В те годы я работал разъездным корреспондентом сперва в комсомольской газете «Молодой ленинец», а потом в «Ставропольской правде» и почти каждый день находился в дороге. Я любил эти поездки. Благодаря им я так изучил «на местности» карту Северного Кавказа, что от Дербента до Темрюка не отыскать, пожалуй, места, где бы не довелось побывать, и это был, я сказал бы, мой второй литературный институт.
В годы Великой Отечественной войны мне и моему другу Эффенди Капиеву довелось побывать в Кубанском кавалерийском полку, который формировался на Кубани и на Ставрополье и в январе 1942 года принимал участие в боях за освобождение Ростова-на-Дону. Встречи с конниками-земляками помогли нам написать книгу очерков «Казаки на фронте». Затем всю войну, работая сперва в дивизионной газете, а позже во фронтовой, я, как офицер и военный корреспондент, делал все то, что в годы войны делали все военные корреспонденты, и это был мой третий литературный институт.

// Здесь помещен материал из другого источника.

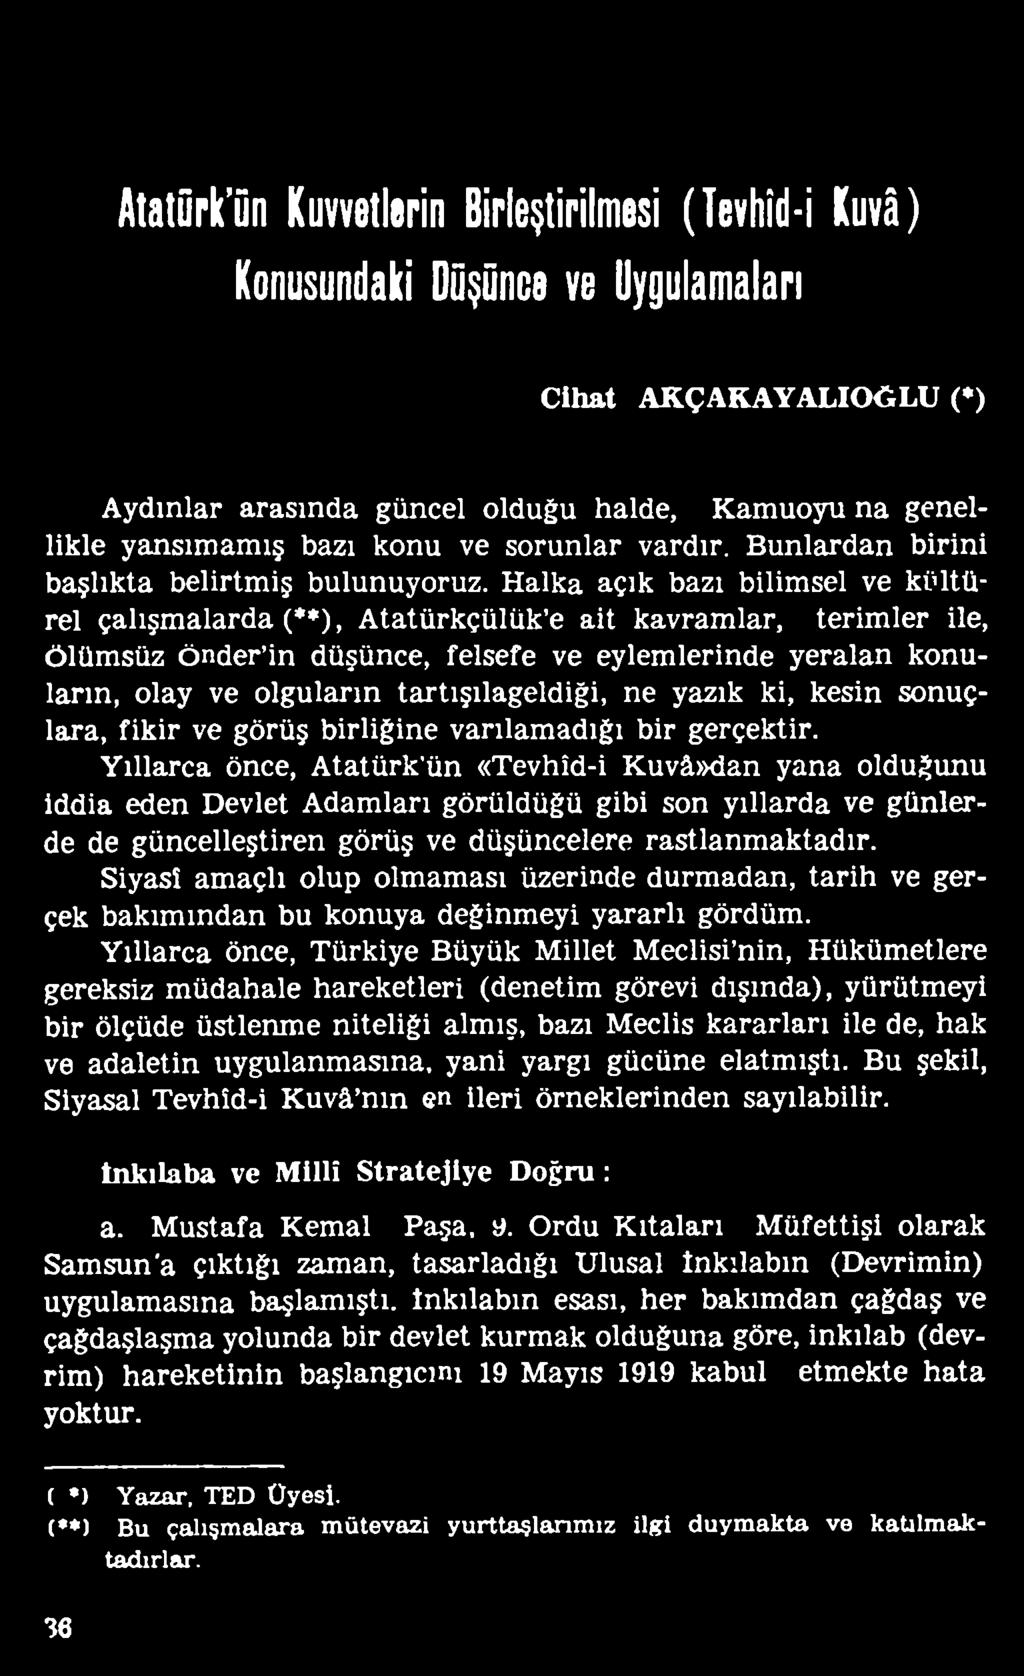 Yıllarca önce, Atatürk ün «Tevhîd-i Kuvâ»dan yana olduğunu iddia eden Devlet Adamları görüldüğü gibi son yıllarda ve günlerde de güncelleştiren görüş ve düşüncelere rastlanmaktadır.

На пылающем небосклоне войны уже заалели зарницы долгожданной победы. Мечты воинов все настойчивее обращались к жизни мирной. Самым радостным и самым желанным был разговор о том, что и как должно быть и обязательно будет сделано после окончания войны, — в это время я и начал писать романы «Кавалер Золотой Звезды» и «Свет над землей», и с них, собственно, и начинается моя литературная биография. Прошло более тридцати лет. Книги выдержали многие издания, выходили большими тиражами и получили широкую известность среди читателей в нашей стране и за ее рубежами, были переведены на все братские языки Советского Союза и на 29 иностранных языков. И если сравнивать содержание этих романов с жизнью реальной, то лучше всего обратиться, так сказать, к первоисточнику, то есть к тем людям, которые описаны в них, и к тем станицам и селам, которые там названы и которые обозначены на географической карте Кубани и Ставрополья.
События, описанные в «Кавалере Золотой Звезды» и «Свете над землей», относятся, как известно, к 1945—1948 годам, а место действия — все то же, с детства любимое мною верховье Кубани — от Невинномысска до Усть-Джигуты и Сторожевой. Если же сказать еще точнее, то это станица Зеленчукская, названная в романах Усть-Невинской. Именно в этой станице я провел первое послевоенное лето. Это было время небывалого
душевного подъема, время радостных надежд и свершений. Да это и понятно! Народ-воин, народ-богатырь одержал величайшую победу над фашизмом, спас мир от коричневой чумы, и сознание совершенного выдающегося подвига жило в сердцах советских людей. Мы, живые свидетели тех лет, хорошо помним: над Кубанью, над Ставропольем, как и над всей нашей страной, витал тогда дух Победы. Он-то, дух Победы, и создавал у людей настроение праздничное, приподнятое, придавал им энергии, трудовой смелости, определял их душевный настрой.Как раз в это время в Зеленчукской началось строительство межколхозной гидроэлектростанции, и запевалами первой послевоенной новостройки, ее душой стали бывшие воины. Сооружение это было объявлено народной стройкой — тоже характерная примета того времени. В рекордные сроки был прорыт отводной канал, поставлена плотина, близ реки вырос домик и к нему протянулись две водонапорные трубы. И когда был завершен монтаж турбин и от домика побежали столбы электропередач, в станичных домах, на площади, на полевых станах и фермах зажглись огни: своя электроэнергия начала применяться не только в быту, а и на производстве. Так что жившему в станице писателю не надо было ничего изобретать и ничего придумывать. Материал для романа лежал, что называется, у него под рукой. Поэтому все, о чем рассказано в «Кавалере Золотой Звезды» и «Свете над землей» — от возвращения фронтовиков, строительства Усть-Невинской ГЭС, сплава леса до применения электричества, — все это происходило в станице Зеленчукской.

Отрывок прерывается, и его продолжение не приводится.